Asendorf published his app without any examples of what you could do with it. Instead he asked a couple of glitch artists (me included) to show this app. Because codecs are often only visible when you break them. 

Poxparty, sOS (Satromizer OS) (2010) 
A completely functional iPad iOS.
"In sOS, Satromizing is more than just mere file corruption, it’s a foundational building block that can be integrated into any app. From sliders to scalers; from loaders to pre-loaders, the Satromizer building blocks are unmistakeable in Satromizer OS. Nearly everything you touch glitches before your eyes!"

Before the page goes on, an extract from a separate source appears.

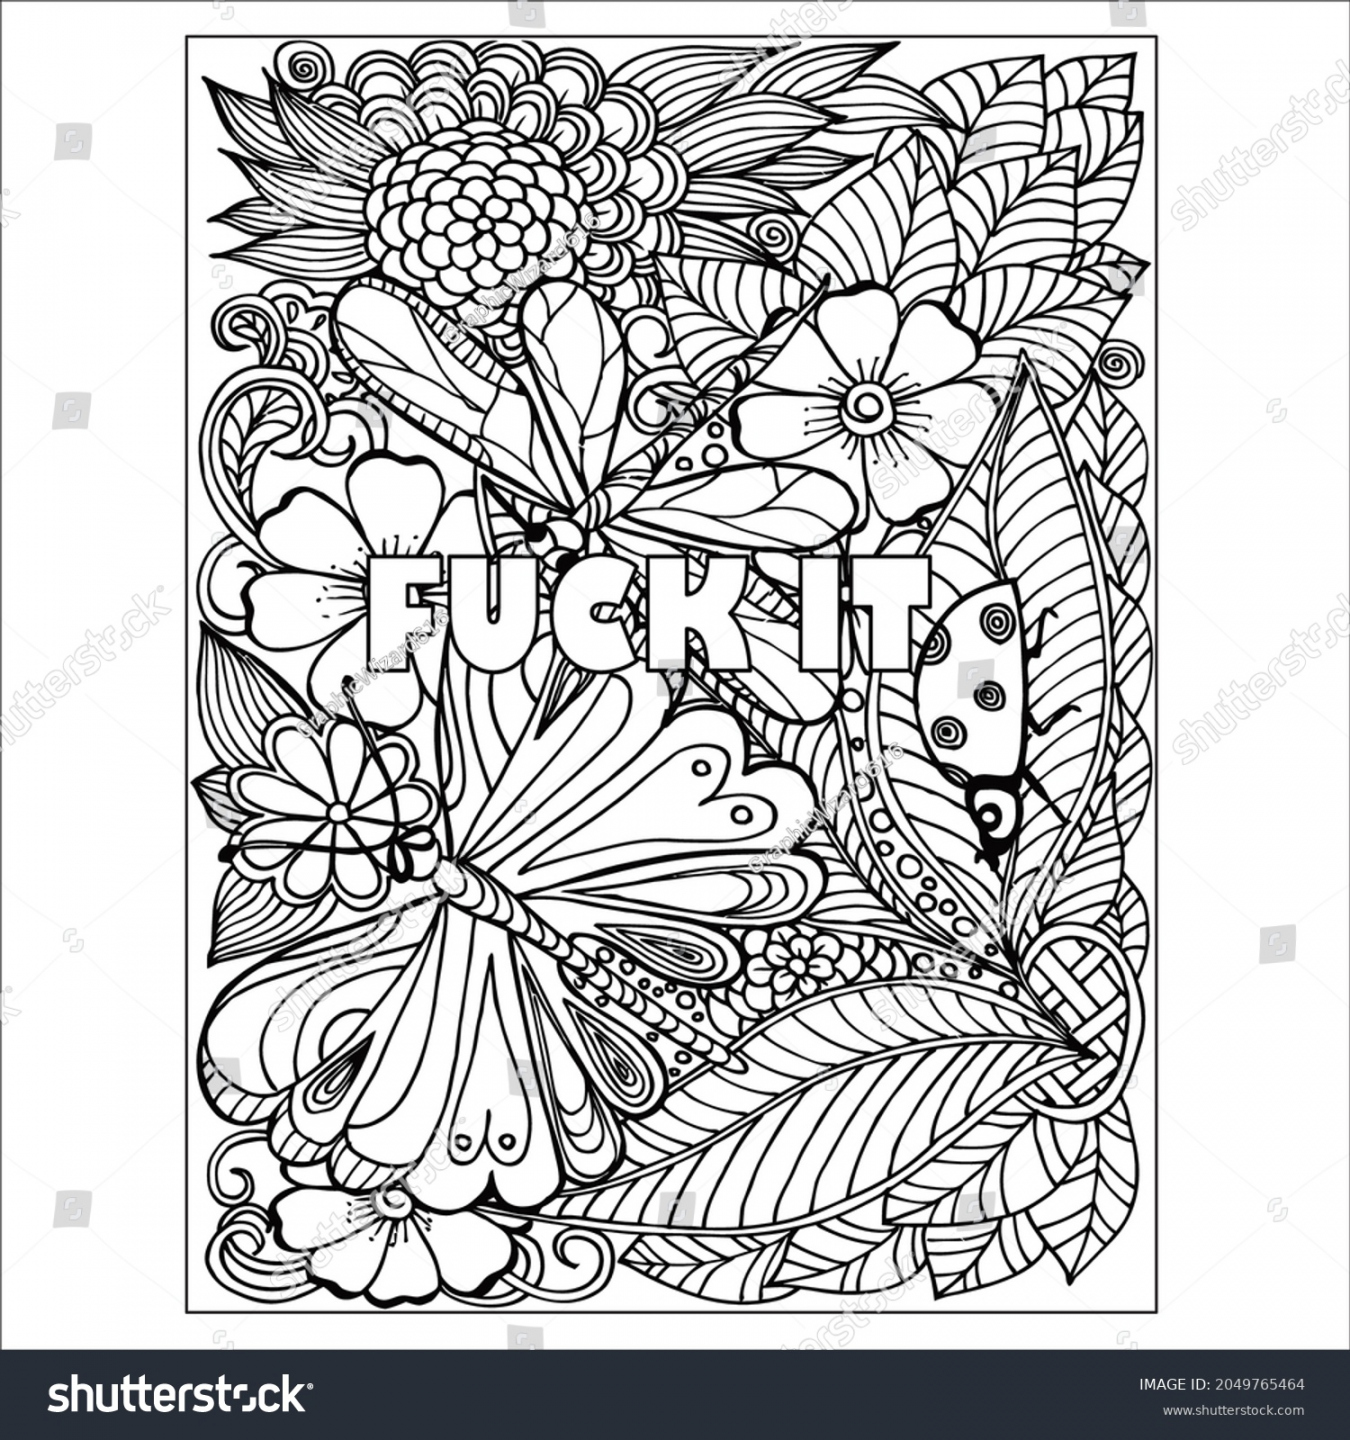 Free Printable Inappropriate Coloring Pages For Adults - Printable - , Swear Words Coloring Images, Stock Photos & Vectors

Benjamin Gaulon, Karl Klomp, Gijs Gieskes Refunctmedia_v.2 (2011)
As part of the GLITCH festival in Dublin, Ireland that took place in 2011. I was there during install and what I really enjoy is the serious playfulness. 
The exhibition was opened with texts by Jussi Parikka and Alessandro Ludovico, amongst others. 

From the website:
"In the "Practice of Everyday Life" Michel de Certeau investigates the ways in which users-commonly assumed to be passive and guided by established rules-operate. He asserts:"This goal will be achieved if everyday practices, "ways of operating" or doing things, no longer appear as merely obscure background of social activity, and if a body of theoretical questions, methods, categories, and perspectives, by penetrating this obscurity, make it possible to articulate them.""ReFunct Media" is a multimedia installation that (re)uses numerous "obsolete" electronic devices (digital and analogue media players and receivers). Those devices are hacked, misused and combined into a large and complex chain of elements. To use an ecological analogy they "interact" in different symbiotic relationships such as mutualism, parasitism and commensalism.Voluntarily complex and unstable, "ReFunct Media" isn't proposing answers to the questions raised by e-waste, planned obsolescence and sustainable design strategies. Rather, as an installation it experiments and explores unchallenged possibilities of 'obsolete' electronic and digital media technologies and our relationship with technologies and consumption."